My Lords, this amendment is designed to probe the Government’s intentions as regards the substantial baggage of copyright exceptions which stem from the Hargreaves report. We understand the deadline for written comments on the first batch of draft legislation is 17 July 2013, and that the IPO will be holding a series of open meetings in the week commencing 8 July 2013 to give opportunity for discussion. Although we welcome this, we have not had notification so far about the other batches or, indeed, any certainty on how many of these there will be.
Therefore, can the Minister say, first, that it is intended that the Government will make the draft legislation widely available so that the finer points of wording may be examined by parties with a broad range of expertise? If so, can he spell out the various stages remaining in this process for the information of the Committee?
Secondly, may I ask how the Government will manage the need to take a view of the impact of these regulations in the round? Will there be a debate or some other opportunity for both Houses of Parliament to get involved before the regulations are introduced? On the regulations so far published, we are already aware of some significant issues which are being raised across the industry. Can the Minister share with the Committee how the proposal to introduce an exception for private copying can be squared with the requirements of the EC copyright directive and its requirements for fair compensation for rights owners? In this context, is the Minister aware of concerns about the evidence base used for the Hargreaves review? For example, the Government justify the proposal not to provide a compensation system on the basis that the exception will cause minimal, if any, harm due to the minimal impact on sales expected to arise from the introduction of this permitted act and the opportunity that it provides for the value of private copying to be priced in at the point of sale.

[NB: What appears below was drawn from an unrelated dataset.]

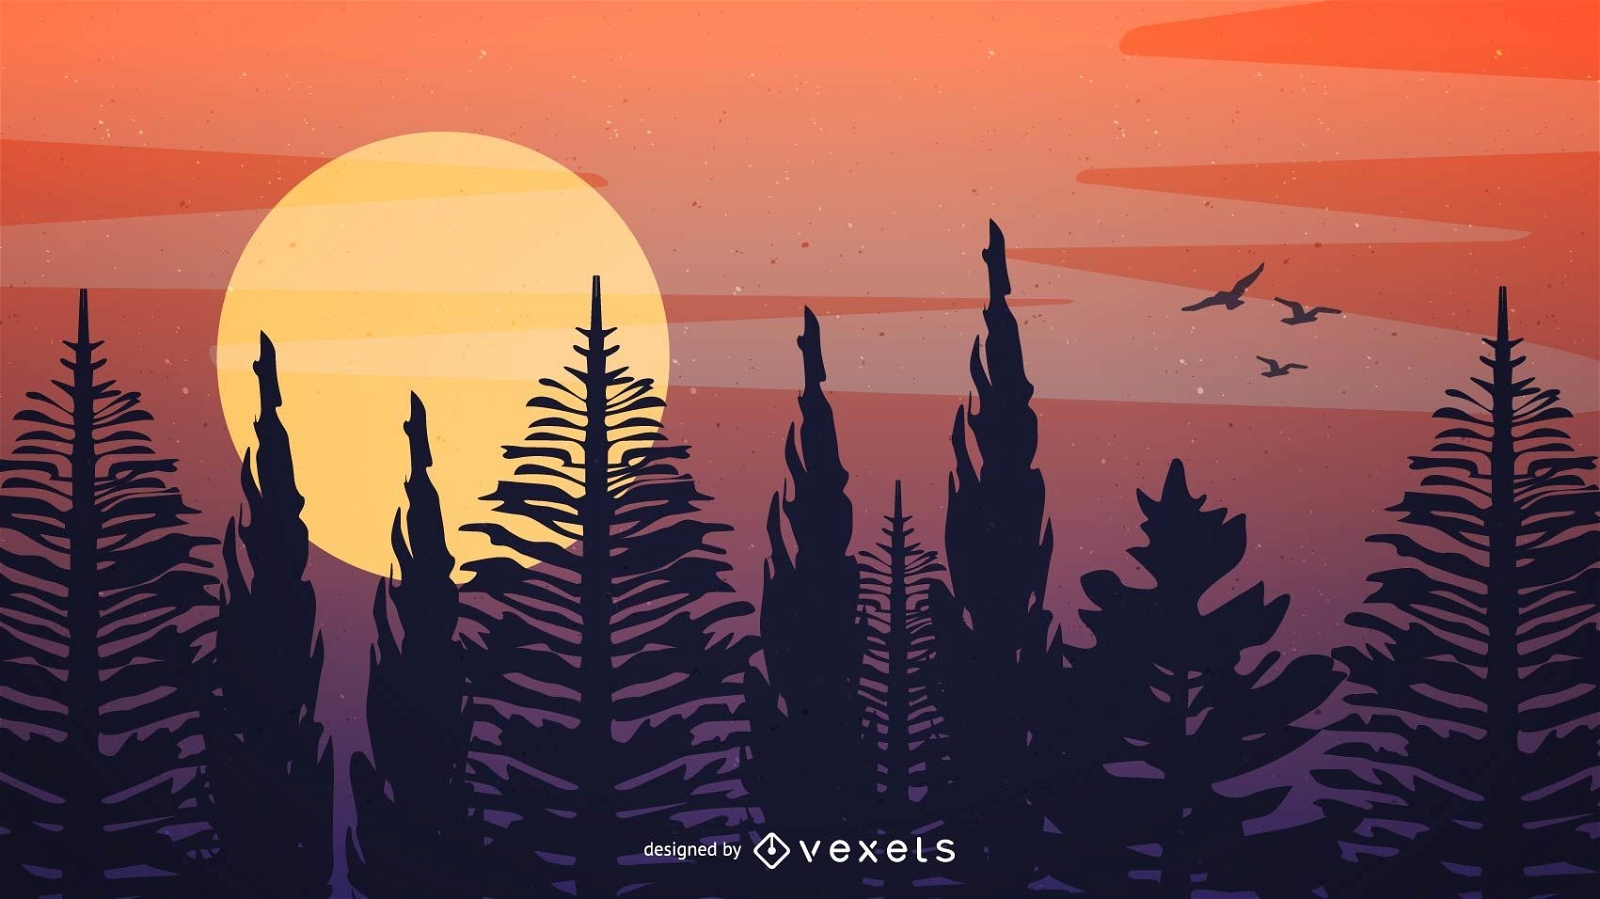 Sunset forest illustration design

The impact assessment accompanying the modernising copyright documents stated on page 15 that the research into private copying appears to confirm that pricing in is possible and is taking place. However, the research by Roberto Camerani et al, which informed the impact assessment, does not come to this conclusion and instead finds, in the case of music, that
“an assumption or view that online stores embed an additional cost into their product price for copying remains ambiguous”.
Moreover, the research concludes that, in the field of music, the researchers could not find any evidence in support of a widely held view that stores are including in their price a permission to copy. The assumption that the value of private copying is priced in at the point of sale is refuted by the research commissioned by the IPO itself, so how does the Minister justify the approach now being taken?
Draft Clause 28 in the CDPA refers to permitted private copies being made from a copy that is held by an individual on a permanent basis. This expression is not clear and is not currently recognised elsewhere as a means of distinguishing one copy in the lawful possession of an individual from another copy which might not meet the test of being a permanent copy. Can the Minister elucidate this? Will he clarify the concept of
permanent copies, particularly when a sound recording or a film may include underlying works which have been licensed only on a limited basis for inclusion in a so-called permanent copy?
Draft Section 28B(4) of the CDPA appears to ignore how terms and conditions permitting access to copyright works increasingly relate to the application of technical protection measures. For example, programmes which can be viewed on BBC iPlayer may also be downloaded for viewing during an agreed period, not normally beyond 30 days. If customers can override the TPM contractual provisions, any terms which are intended to distinguish access to a catch-up TV service from a full video on-demand download service will be potentially ineffective. TPM measures have never been “strictly non-contractual”. Can the Minister explain how the government drafting takes this into account?
The current wording on “cloud” storage does not appear to prevent sharing from the storage. Can the Minister confirm that the draft regulations will be tightened to ensure that no one is permitted to permit anyone else to make copies of their “private” copies?
It is hard to see how the new quotation exception can apply to all copyright works, including photographs. Section 30 of the CDPA allows fair dealing of copyright works for criticism, review and news reporting but excludes photographs from the fair dealing provision. Can the Minister confirm that a similar carve-out will be introduced for photographs? The phrase “fair dealing for the purposes of quotation” does not clearly communicate in plain English the fact that uses which are normally licensed or otherwise exploited are not included. Can the Minister confirm that this can be looked at again?
The Minister will recall that when we discussed parody at length in Committee on the ERR Bill, the suggestion was made that parodists could rely on the concept of fair dealing, so that no further definition was required. This approach was strongly challenged in Committee, not least because parody is a very popular mode of entertainment in the UK and needs certainty. I accept that this is a tricky area but do not believe that the proposed new exception for parody will be sufficient if no definition or boundaries are set out in the regulations. It is also quite surprising, given the debate referred to, that no definition is being proposed to specify what would constitute “parody”, “caricature” or “pastiche”. Would the Minister not agree that it will be necessary at least to distinguish each of those from the others? To avoid further confusion in the application of any clearly defined exception linked to each of these expressions, rights owners are likely to argue that it should be made clear that when users rely upon the proposed exception, any parody, caricature or pastiche must not infringe the moral rights of the authors or performers. Can the Minister confirm that this matter might be looked at?
I apologise to the Minister for all the detailed questions, but I hope that they exemplify why more time needs to be allowed for these important changes. Unfortunately, I doubt very much whether single debates, even on a group of SIs, will be sufficient. I beg to move.